Harun Mwangi Macharia, whose 3-year-old daughter died when the church her family sought shelter in was torched, was gratified that there might now be trials.

"So that it is a lesson for future generations, they should be prosecuted without mercy," Macharia said of the culprits, adding that if they are not prosecuted, violence will be "inevitable" during Kenya's next nationwide vote in 2012.

More than 600,000 people were displaced, more than 40,000 buildings were burned, and more than 3,000 women were raped, many allegedly by the police, in Kenya's worst violence since winning independence from Britain in 1963.

Kibaki and Odinga said yesterday that the government would fully cooperate with the court, even though some cabinet members are suspected of being organizers of the savagery.


Rwandan Genocide Sentence

A U.N. war-crimes tribunal yesterday sentenced

a former chief of Rwanda's tea-processing and marketing agency to

eight years in prison for his role in the country's 1994 genocide.

Michael Bagaragaza, 64,

had pleaded guilty to "complicity to commit genocide" in September. He was a member of the party that was in power during the 100-day slaughter of members of the Tutsi ethnic minority and political moderates from the Hutu majority.

Judge Vagn Joensen said

a three-judge panel of the International Criminal Tribunal for Rwanda ruled that Bagaragaza would get credit for the four years he spent in detention since his arrest in August 2005 and so would serve for four years.

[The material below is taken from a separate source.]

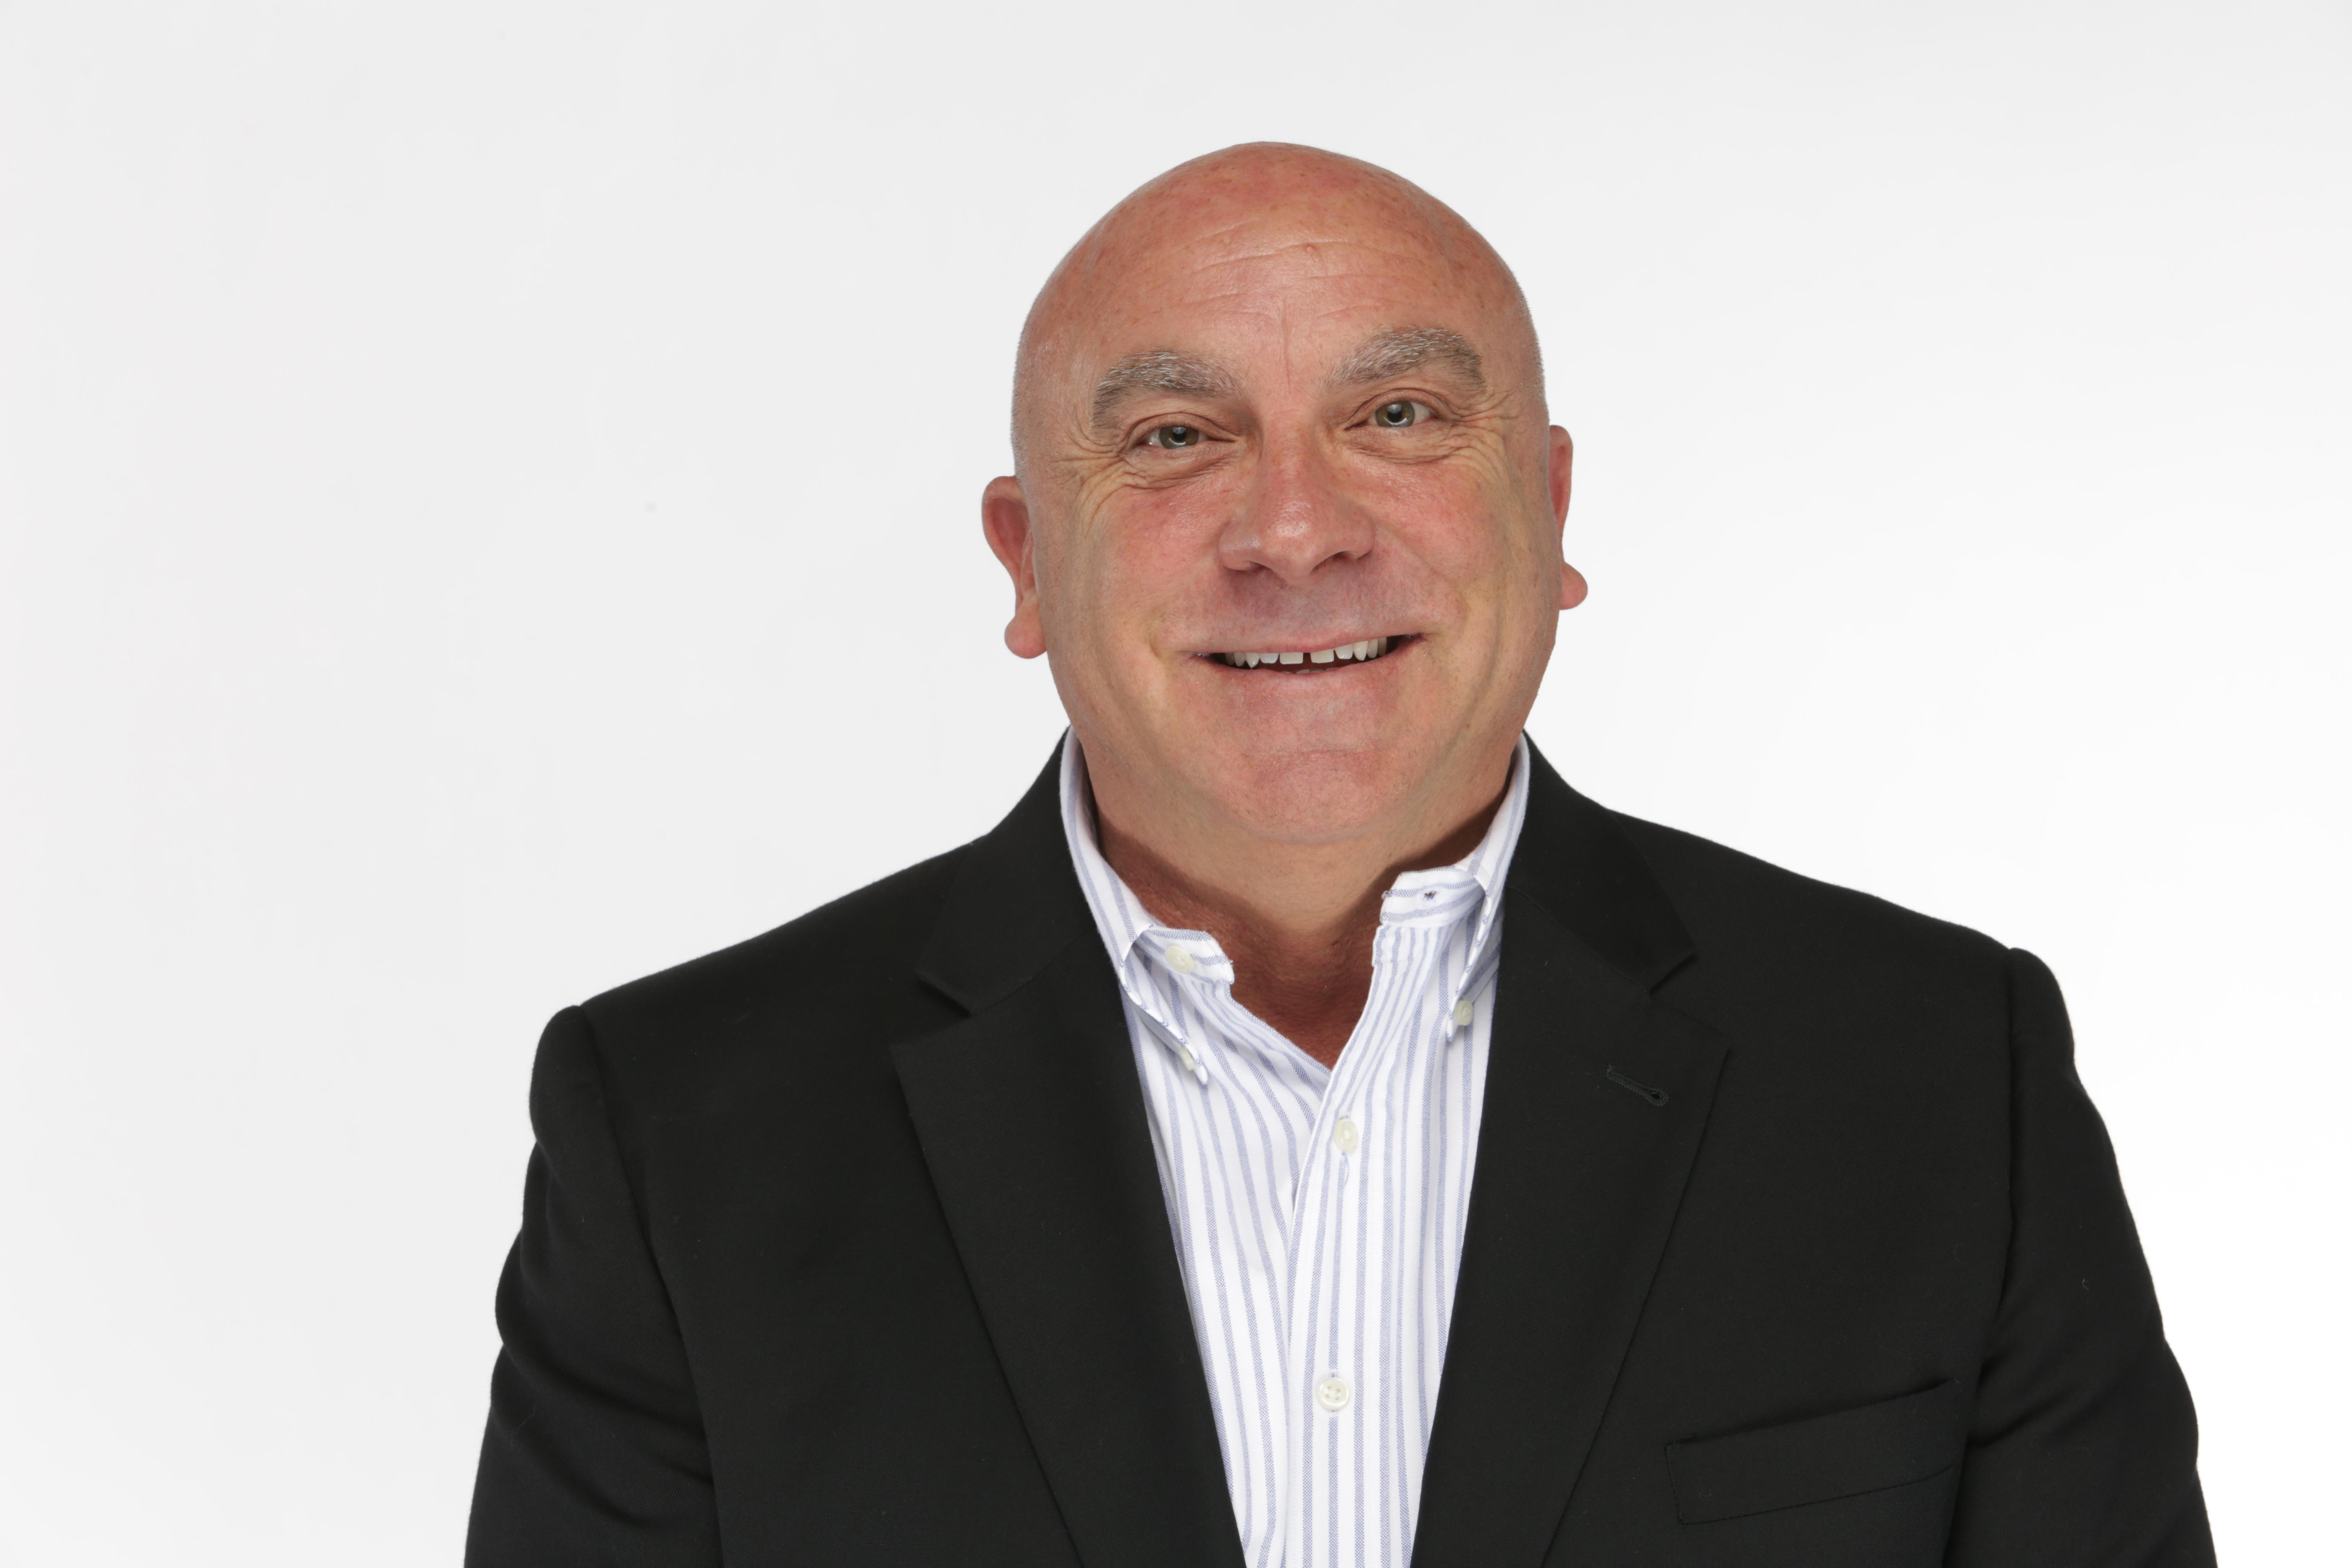 Rick Battaglini

Delivering his 20-minute judgment before a packed gallery in Arusha, Tanzania, Joensen said the judges took into account Bagaragaza's guilty plea, claims of remorse, and

his voluntary surrender.

Bagaragaza had admitted that in April 1994 he used the tea factory of Rubaya, Gisenyi Prefecture, in northern Rwanda to stock arms and ammunition that were used by the extremist Hutu militiamen. He also confessed to giving them money, beer, and vehicles from the factory.